ACTIVITY: SUBSTANCE ABUSE IN PREGNANCY

BARBAQUINO, JULIA G.
BSN 2-E, GROUP 1

ROSELLA ASUNCION LUCERO


CLINICAL INSTRUCTOR/PRECEPTOR

FEBRUARY 26, 2024


Definition
Substance abuse during pregnancy involves the consumption of detrimental substances by expectant mothers.
Commonly utilized substances during pregnancy encompasses tobacco, alcohol, marijuana, cocaine, and opiods.
The act of using these substances while pregnant is linked to various negative consequences for both the mother
and the unborn child. According to Prince (2023), substance use and substance use disorders in pregnancy are
common and linked with multiple obstetric and neonatal adverse outcomes. Ideally, all pregnant women should
be screened, and those with positive screens should be promptly diagnosed and treated to avoid the morbidity
and mortality associated with continued substance use during pregnancy.

Incidence
Substance abuse during pregnancy is a major public health issue, as pregnant individuals commonly use various
harmful substances. Studies show that tobacco, alcohol, and marijuana are the most frequently used substances
during pregnancy, followed by cocaine and opiods.

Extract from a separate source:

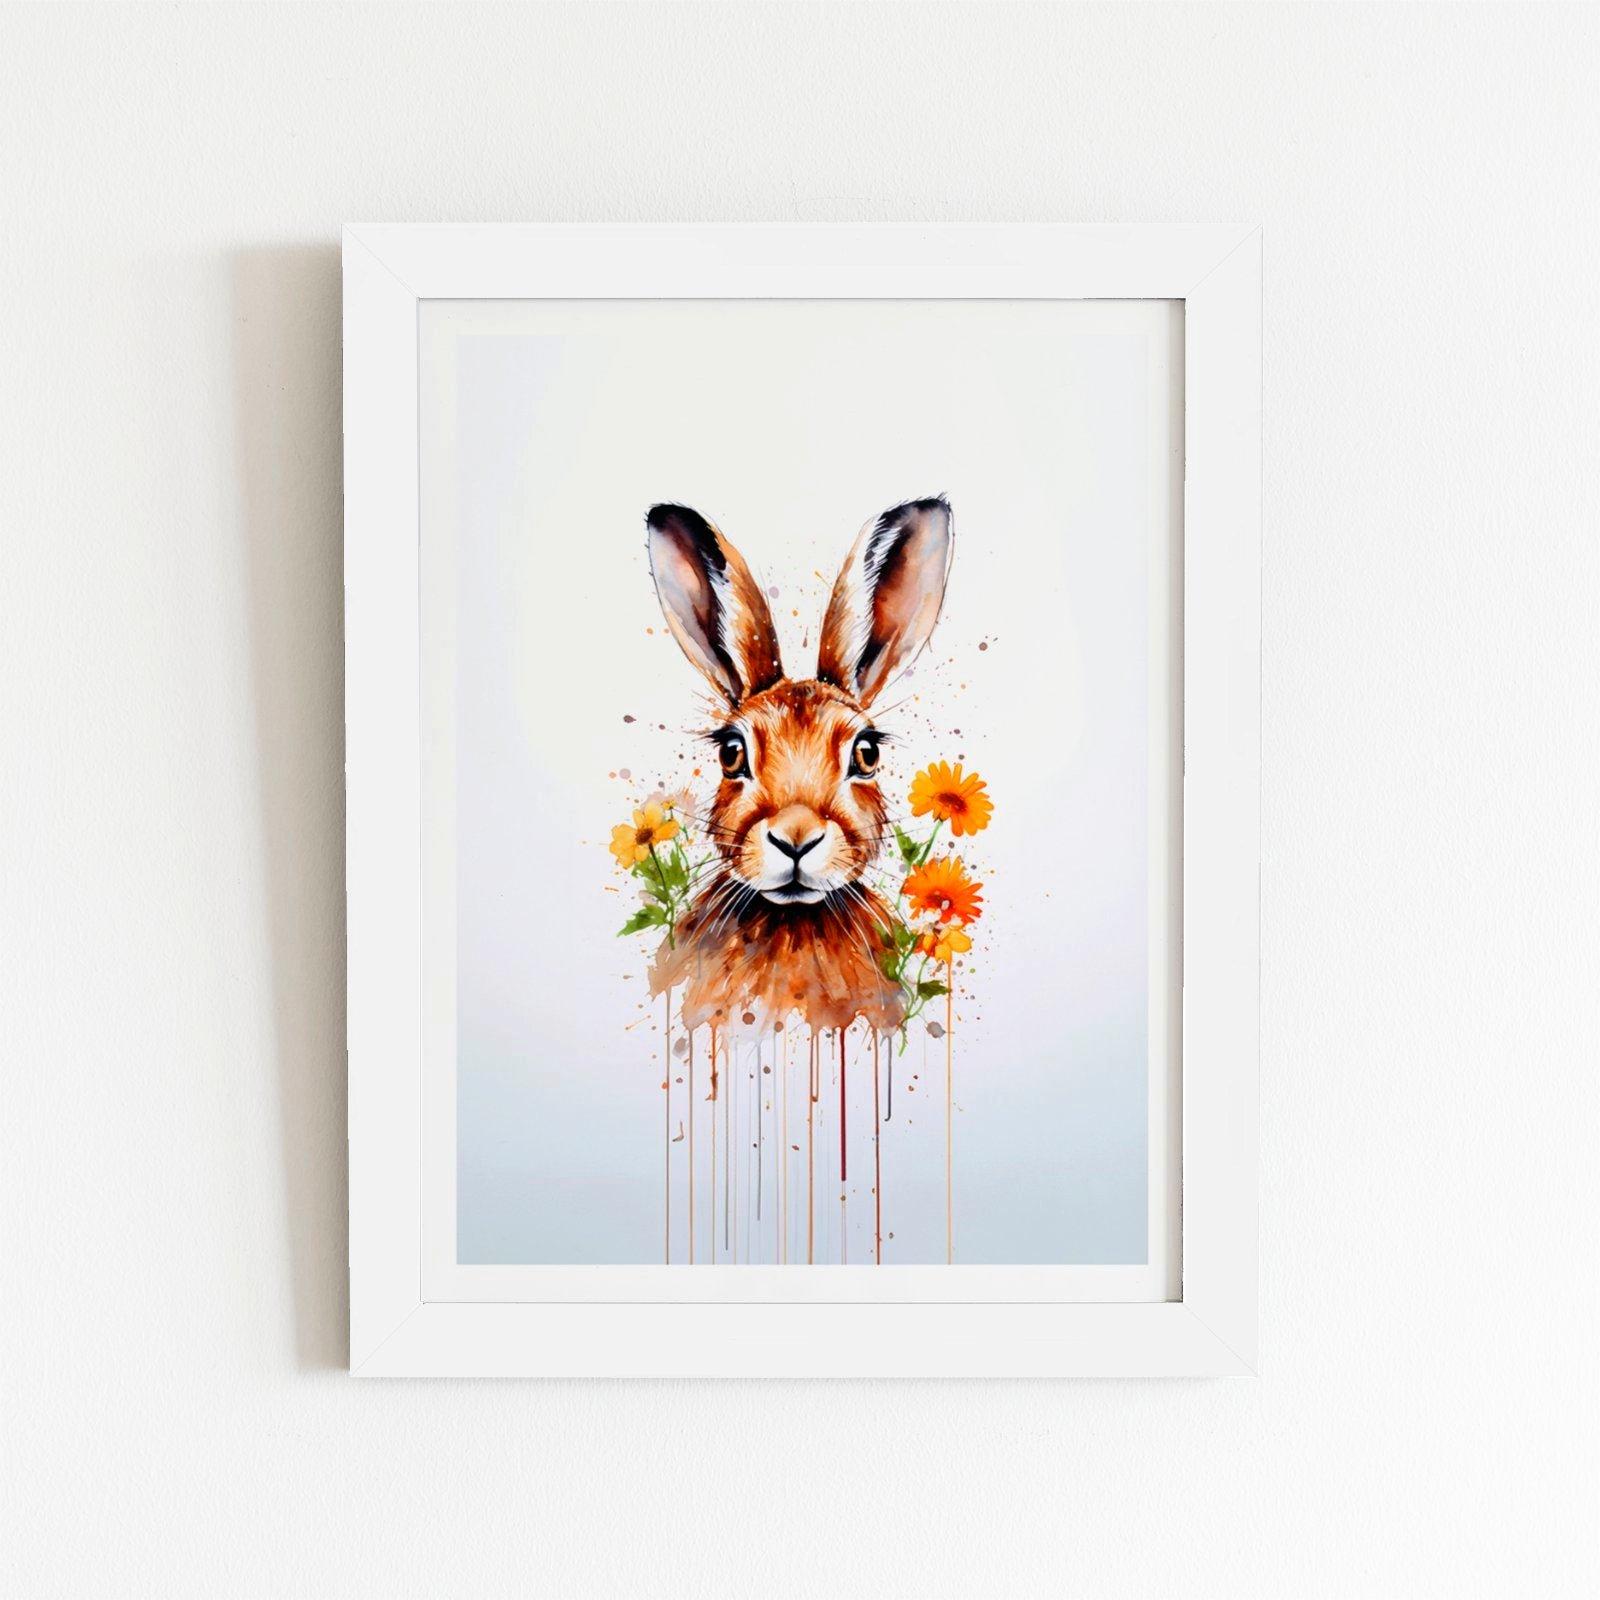 Watercolour Hare and Daisies Framed Art Print

Pregnant women between the ages of 15 and 44 have
reported current illicit drug use, with the highest rates ibserved among teenage pregnant women, followed by
young adult and aduld women. According to Prince (2023), it is crucial to address substance mother and the
child. Universal screening for substance use during pregnancy is recommended to identify those at risk and
provide appropriate interventions. However, barriers to evidence-based treatment exist, and pregnant women
who uses substances often feel stigmatized.

Risk factors
Substance misuse during pregnancy can result in substantial adverse health consequences for both the expectant
mother and the developing fetus. Factors that increase the likelihood of substance abuse during pregnancy
encompasses prior use of alcohol, tobacco, or illegal drugs, unintended pregnancy, limited educational
attainment, unemployed, youthfullness, exposure to intimate partner, concurrent physical and mental health
issues, environmental pressure, and insufficient awareness to intimate partner violence, ready availability of
substances, and insufficient awareness regarding the effects of substances on fetal growth and development.
(Manag, 2021).

Causes
Substance abuse during pregnancy can have serious consequences for both the mother and the developing fetus.
The causes of substances abuse during pregnancy are complex and multifactorial. Some of the factors that may
contribute to substance abuse during pregnancy include:
1. History of Substance Abuse
Women with a history of substance abuse are at a higher risk of continuous use of drugs or alcohol during
pregnancy.
2. Mental Health Disorders
Women with mental health disorders such as depression or anxiety may be more likely to use drugs or alcohol
during pregnancy as a way to cope with their symptoms.
3. Lack of Social Support
Women who lack social support such as a partner or family members, may be more likely to use drugs or alcohol
during pregnancy as a way to cope with stress and isolation.
4. Unintended Pregnancy
Women who have unintended pregnancies may be more likely to use drugs or alcohol during pregnancy as a way
to cope with the stress and uncertainty of the situation.
5. Environmental Factors
Women who live in environments with high levels of stress, poverty, or violence may be more likely to use drugs
or alcohol during pregnancy as a way to come with their circumstances.
Signs And Symptoms
Substance abuse during pregnancy can have negative effects on both the pregnant person and the developing
fetus. Signs and symptoms of substance abuse during pregnancy can vary depending on the substance used, the
amount of frequency of use, and the stage of pregnancy. (Prince, 2023). Some common signs and symptoms of
substance abuse during pregnancy are:
• Physical symptoms such as nausea, vomiting, and weight loss
• Behavioral changes such as mood swings, irritability, and aggresion
• Poor prenatal care and missed appointments
• Premature birth, low birth weight, and developmental delays in the baby
• Neonatal abstinence syndrome (NAS) in the baby, which can cause excessive crying, high pitched cry,
irritability seizures, and gastrointestinal problems.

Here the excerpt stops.